At most, these cases cited by Plaintiff illustrate that the point at which a physical injury is considered sufficiently connected to a constitutional claim for purposes of recovering emotional damages under the PLRA is hazy and somewhat malleable. But whatever that point is, the Court finds that the connection between Cushman's alleged sexual abuse of Plaintiff and Defendant's subsequent transfer of Plaintiff to a higher security facility in retaliation for complaining about that abuse is too tenuous and too remote to have reached it.
Consequently, the Court's failure to instruct the jury that emotional damages could be awarded on the retaliation claim because of the alleged prior sexual abuse of Plaintiff was not in error and does not warrant a new trial. Plaintiff's motion for a new trial will accordingly be denied in its entirety.
B. Bill of Costs
Plaintiff has also filed a motion for costs. A prevailing party is entitled to recover his costs. Fed. R. Civ. P. 54(d)(1). Additionally, in an action to enforce provisions of § 1983, "the court, in its discretion, may allow the prevailing party . . . a reasonable attorney's fees as part of the costs . . . ." 42 U.S.C. § 1988. "[T]he 'reasonable attorney's fee' provided for by statute should compensate the work of paralegals, as well as that of attorneys." Missouri v. Jenkins, 491 U.S. 274, 285 (1989). However, "a pro se litigant who is not a lawyer is not entitled to attorney's fees." Kay v. Ehrler, 499 U.S. 432, 435 (1991).

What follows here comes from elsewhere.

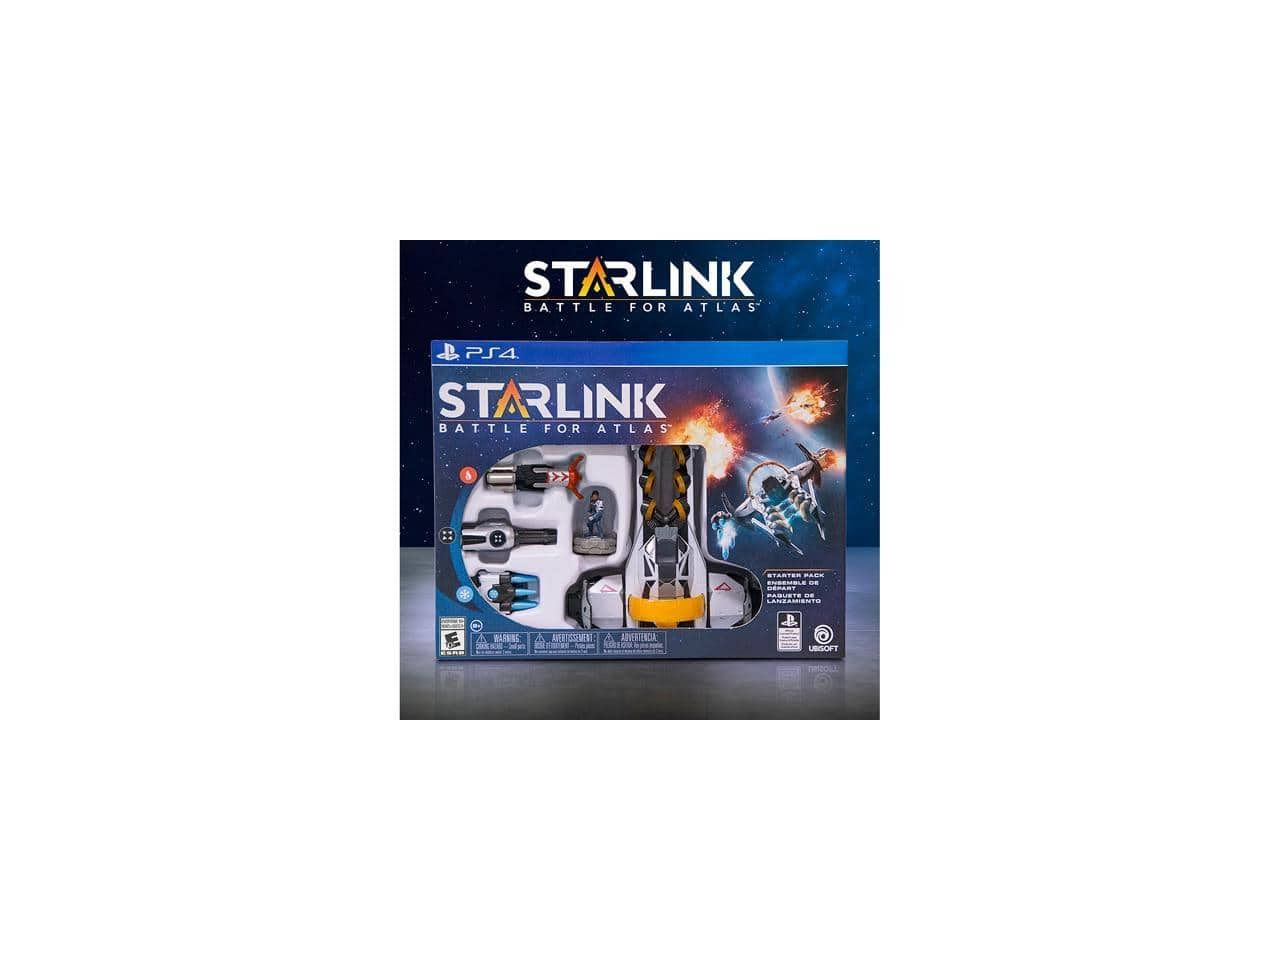 Starlink: Battle for Atlas Starter Pack - PlayStation 4 $13.32 @Newegg FS

While Plaintiff recognizes that he is not entitled to attorney's fees pursuant to Kay, he argues that Kay's reasoning, particularly its emphasis that the assistance of an independent third party is the key to warranting attorney's fees, supports a finding that he is nonetheless entitled to paralegal fees. However, while the Court is sympathetic to Plaintiff's argument, it does not agree with his interpretation of Kay. While Kay stressed the importance of an independent third party, it specified the importance of that third party being an attorney: "the overriding statutory concern is the interest in obtaining independent counsel for victims of civil rights violations." Kay, 499 U.S. at 437 (emphasis added). Similarly, while Jenkins opened up "reasonable attorney's fee" to include work performed by a paralegal it did so specifically because paralegal work was part of "the work product of an attorney." Jenkins, 491 U.S. at 285 ("[T]he term must refer to a reasonable fee for the work product of an attorney."). Thus, a litigant who does not have an attorney may not recover for paralegal costs.
The Court appreciates the role that jailhouse lawyers play in American jurisprudence. See, e.g., Rhodes v. Robinson, 612 F.2d 766, 769 (3d Cir. 1979) ("We can take notice of the fact that many prisoners are unable to prepare legal materials and file suits without assistance.") The Court also assumes that the paralegals/jailhouse lawyers whom Plaintiff relied on provided invaluable assistance. Nevertheless, § 1988 authorizes attorney fees and Plaintiff did not have the assistance of an attorney.
As for the regular costs Plaintiff seeks to recover (his filing fee, postage and copying expenses), the Court, in its discretion, finds them to be reasonable. (See Dkt. No. 112, Attach. 1.) Thus, the Court will award Plaintiff $492.68 in costs.
An order consistent with this opinion will be entered.